Что же мне все-таки сказать?
— Княгиня, — позвал я тихо.
— Ну, чего тебе? — отозвалась княгиня, глядя в окно.
— Ничего. Губную гармонь у тебя видно со спины, вот чего…
— Не болтай ногами, малый. Это не гармонь, а переносица… Ты лучше посиди и помолчи, за умного сойдешь…
«Это мне-то, в моем-то положении — молчать! Мне, который шел через все вагоны за разрешением загадки!.. Жаль, что я забыл, о чем эта загадка, но помню, что-то очень важное… Впрочем, ладно, потом вспомню… Женщина плачет — а это гораздо важнее… О позорники! Превратили мою землю в самый дерьмовый ад — и слезы заставляют скрывать от людей, а смех выставлять напоказ!.. О низкие сволочи! Не оставили людям ничего, кроме «скорби» и «страха», и после этого — и после этого смех у них публичен, а слеза под запретом!..

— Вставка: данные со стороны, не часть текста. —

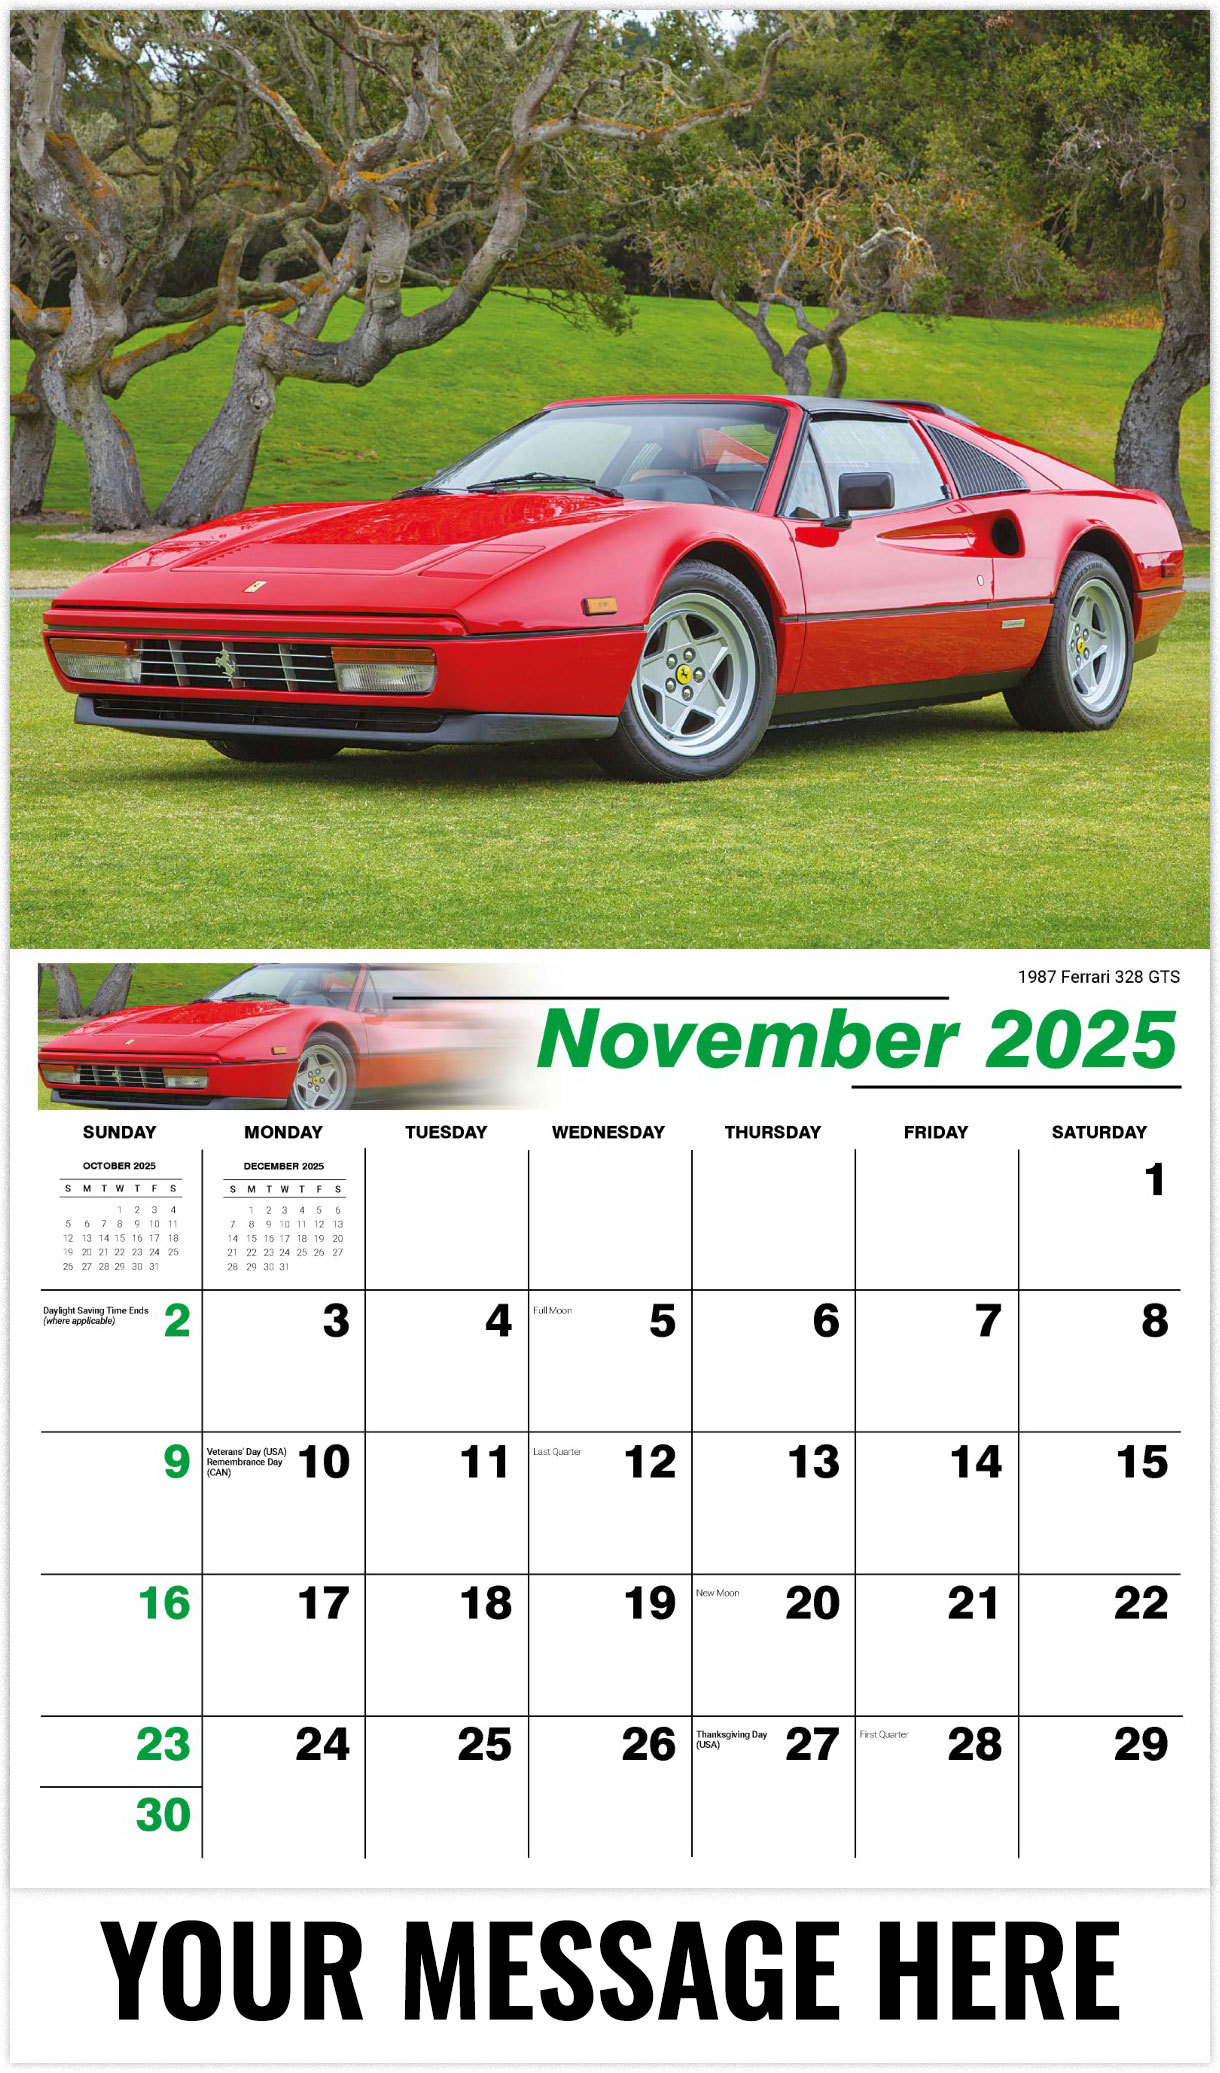 Galleria Classic Car - 2025

О, сказать бы сейчас такое, чтобы сжечь их всех, гадов, своим глаголом! такое сказать, что повергло бы в смятение все народы древности!..«
Я подумал и сказал:
— Княгиня!.. а княгиня!..
— Ну, чего тебе опять?
— Нет у тебя уже гармони. Не видно.
— Чего ж тебе тогда видно?
— Одни только кустики. (Она все отвечала, глядя в окно и ко мне не поворачиваясь.)
— Сам ты кустик, я вижу…
«Ну что ж, кустик так кустик». Я сразу как-то обмяк, сел на лавку и разомлел. Никак, хоть умри, никак я не мог припомнить, для чего я пошел по вагонам и встретил эту женщину… О чем же все-таки это «важное»?
— Слушай-ка, княгиня!.. А где твой камердинер Петр? Я его не видел с прошлого августа.
— Чего ты мелешь?
— Честное слово, с тех пор не видел… Где он, твой камердинер?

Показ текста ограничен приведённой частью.